In addition to the ICU findings, the report found that about 60,000 bloodstream infections in patients with central lines occurred in non-ICU health care settings such as hospital wards and kidney dialysis clinics. About 23,000 of these occurred in non-ICU patients (2009) and about 37,000 infections occurred in dialysis clinics patients (2008).
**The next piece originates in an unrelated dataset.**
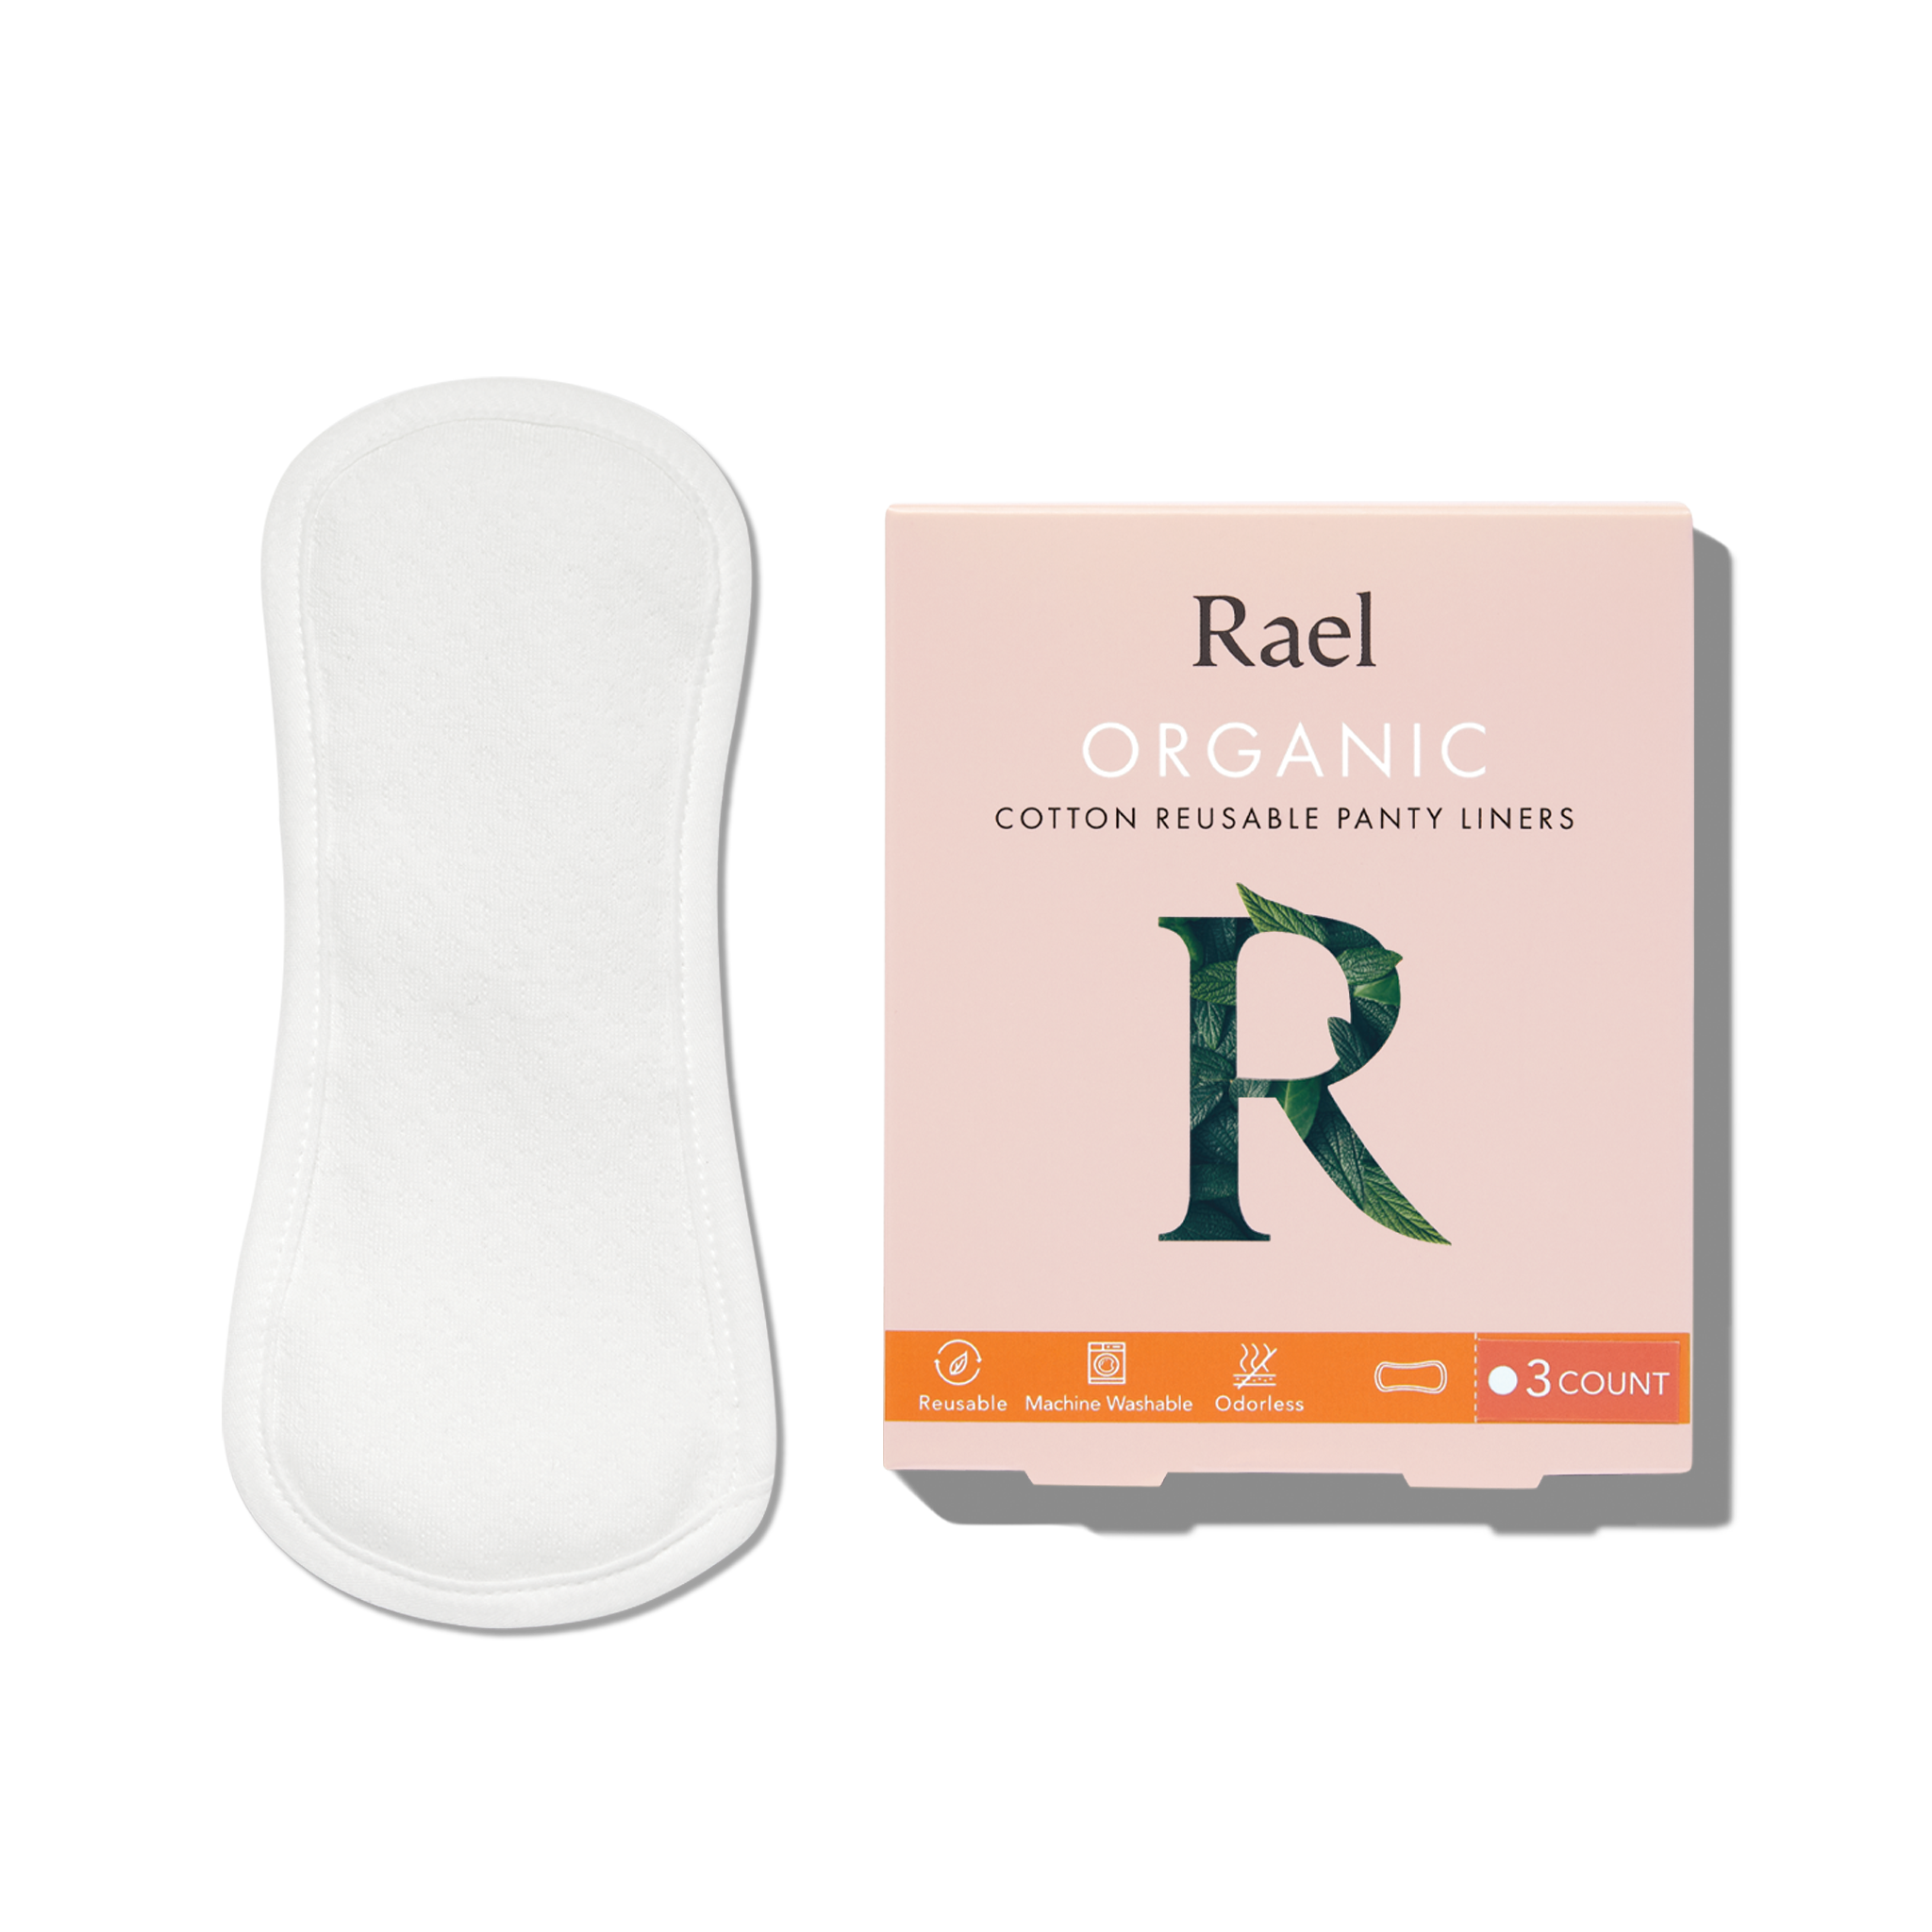 Rael Organic Cotton Long Panty Liners, 40ct - Unscented, Chlorine Free,  Pantiliners - Natural, Daily Pantyliners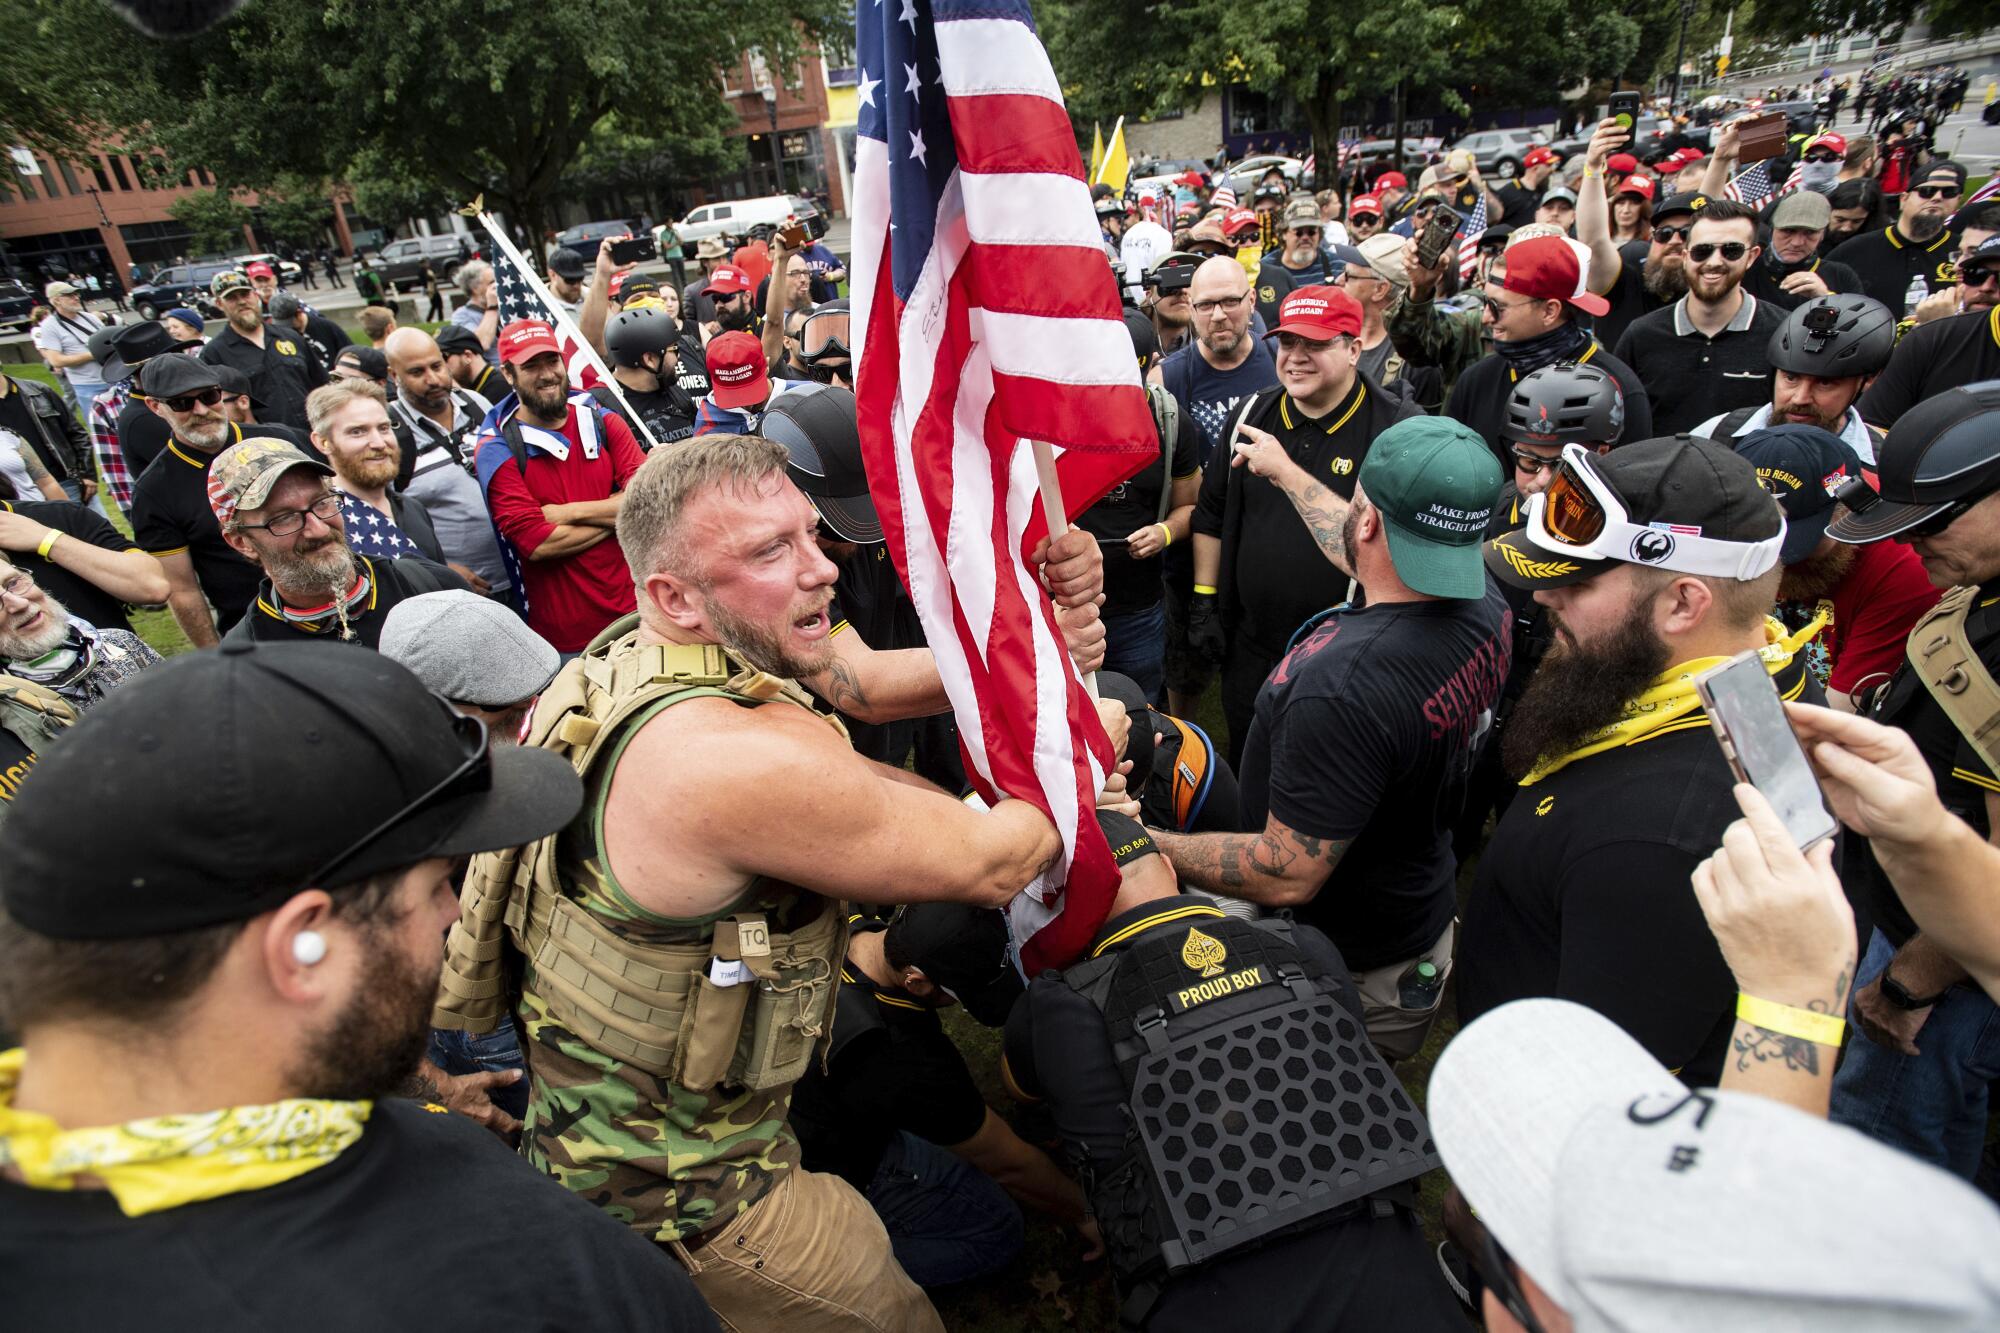 Proud Boys demonstrators in tactical vests plant a U.S. flag in a park

“This reduction is the result of hospital, local, state and national medical and public health efforts focused on tracking infection rates and then using that information to tailor and evaluate prevention programs,” said Denise Cardo, M.D., director of CDC’s Division of Healthcare Quality Promotion. “The report findings point to a clear need for action beyond ICUs. Fortunately, we have a prevention model focused on full collaboration that can be applied broadly to maximize prevention efforts.”
Infections are one of the leading causes of hospitalization and death for hemodialysis patients. At any given time, about 350,000 people are receiving hemodialysis treatment for kidney failure. Seven in 10 patients who receive dialysis begin that treatment through a central line….
Related Articles
- Patient Safety Awareness Week 3: Positive News on Infections, More Work Needed (hcfama.org)
- Rates of Pneumonia Dramatically Reduced in Patients on Ventilators in Michigan Intensive Care Units (nlm.nih.gov)
- Challenges In Stemming The Spread Of Resistant Bacteria In Intensive Care
- Simple Cotton Swab Slashes Reduce Post-Op Infection (Medical News today, June 2011)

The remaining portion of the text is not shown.